Scholars of scorpion constipation, synchronized duckling swimming, and moose crash test dummies all garnered awards at the 32nd Ig Nobel Prize ceremony. The humorous honors, which are given for “achievements that first make people LAUGH, and then THINK,” were awarded at a virtual ceremony Sept. 15. The satirical magazine Annals of Improbable Research produced the event, and its editor, Marc Abrahams, an authority on absurdity, served as master of ceremonies.
The Ig Nobel Committee did not award a Chemistry Prize this year, but the Medicine Prize went to a chemotherapy-related discovery. A team at the Medical University of Warsaw discovered that people taking the cancer drug melphalan reported that a common side effect of the treatment—irritation in the mouth known as oral mucositis—could be prevented if the patients slowly ate ice cream or popsicles during their melphalan infusions (Sci. Rep. 2021, DOI: 10.1038/s41598-021-02002-x).
The announcement of the Applied Cardiology Prize made our hearts skip a beat. A team led by researchers at Leiden University won “for seeking and finding evidence that when new romantic partners meet for the first time, and feel attracted to each other, their heart rates synchronize” (Nat. Hum. Behav. 2022, DOI: 10.1038/s41562-021-01197-3).
To escape predators, some types of scorpions will jettison their tails. The tails do not grow back, so the critters are no longer able to complete their digestive processes. They can survive without their tails for several months, albeit in a state of constipation. The University of São Paulo’s Solimary García-Hernández and Glauco Machado received this year’s Biology Prize for their study of how this constipation affects the scorpions’ ability to mate (Integr. Zool. 2021, DOI: 10.1111/1749-4877.12604).

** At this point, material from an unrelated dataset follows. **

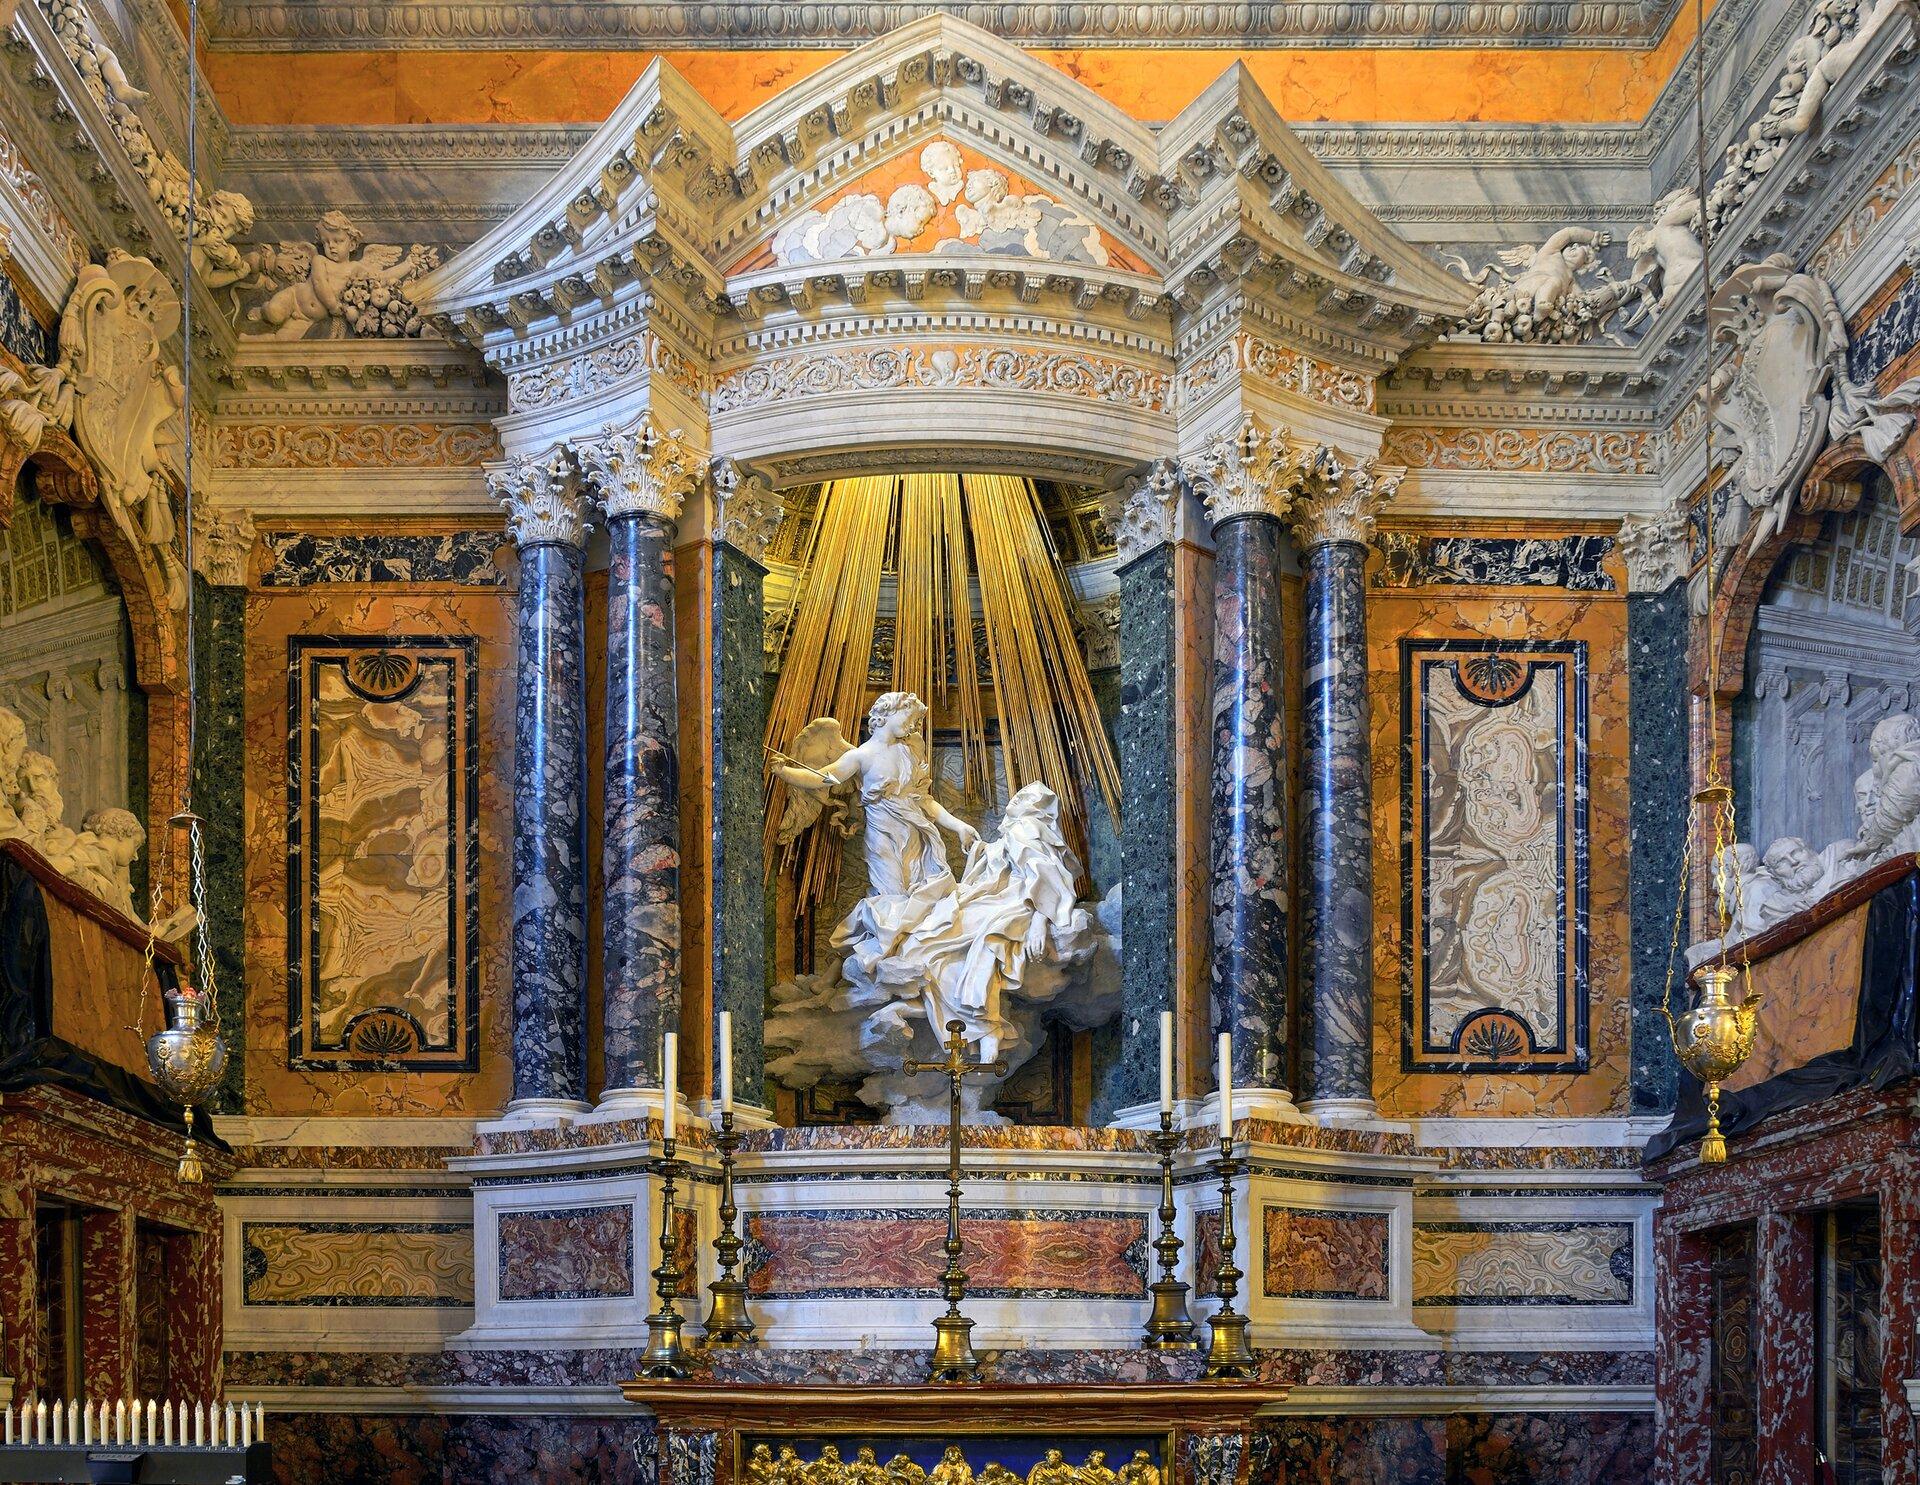 Ekstaza świętej Teresy we wnętrzu kaplicy Cornaro wSanta Maria della Vittoria Ekstaza świętej Teresy we wnętrzu kaplicy Cornaro wSanta Maria della Vittoria Źródło: fot. Livioandronico2013 , Gianlorenzo Bernini, 1645–1652, licencja: CC BY-SA 4.0.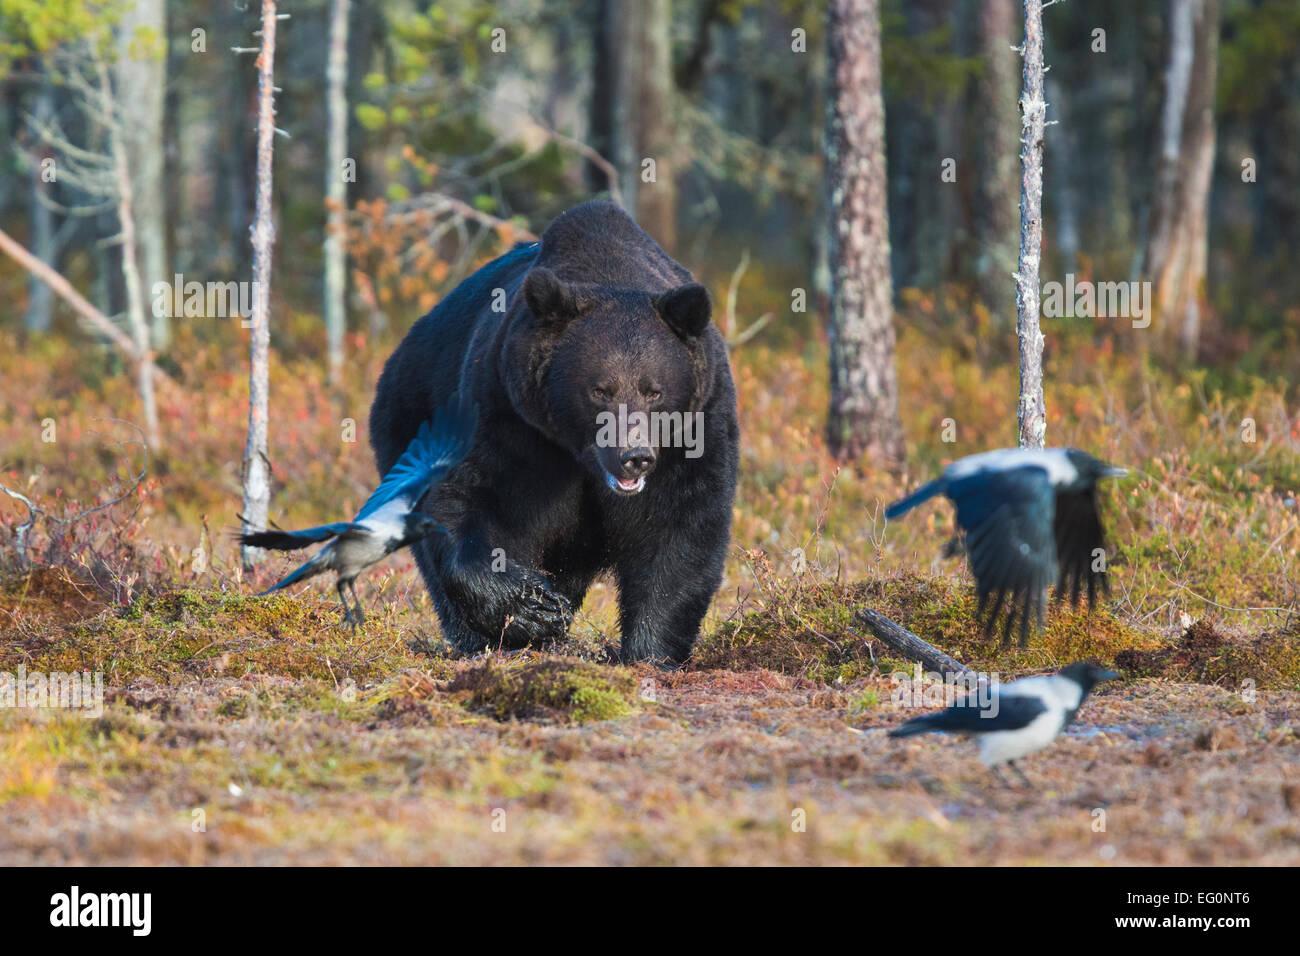 Großer Braunbär Ursus Arctos aus Wald und Krähen laufen weg, Kuhmo, Finnland Stockbild

Critters—arguably cuter ones—helped clinch the Physics Prize for Frank E. Fish of West Chester University and a team from the University of Strathclyde and Jiangsu University of Science and Technology. Working independently, these researchers won for “trying to understand how ducklings manage to swim in formation.” Frank’s work was published in the book Mechanics and Physiology of Animal Swimming (1994, pp. 193–204) and the other team’s work in the Journal of Fluid Mechanics (2021, DOI: 10.1017/jfm.2021.820). Water, not the ducks, are the fluid in question, in case you were wondering.
A larger critter inspired the work that won the Safety Engineering Prize. Magnus Gens claimed that honor for designing a moose-like crash test dummy for his 2001 master’s thesis. The thesis, naturally titled Moose Crash Test Dummy, has made quite an impact: versions of Gens’s dummy have been used in countless auto-safety tests in Sweden.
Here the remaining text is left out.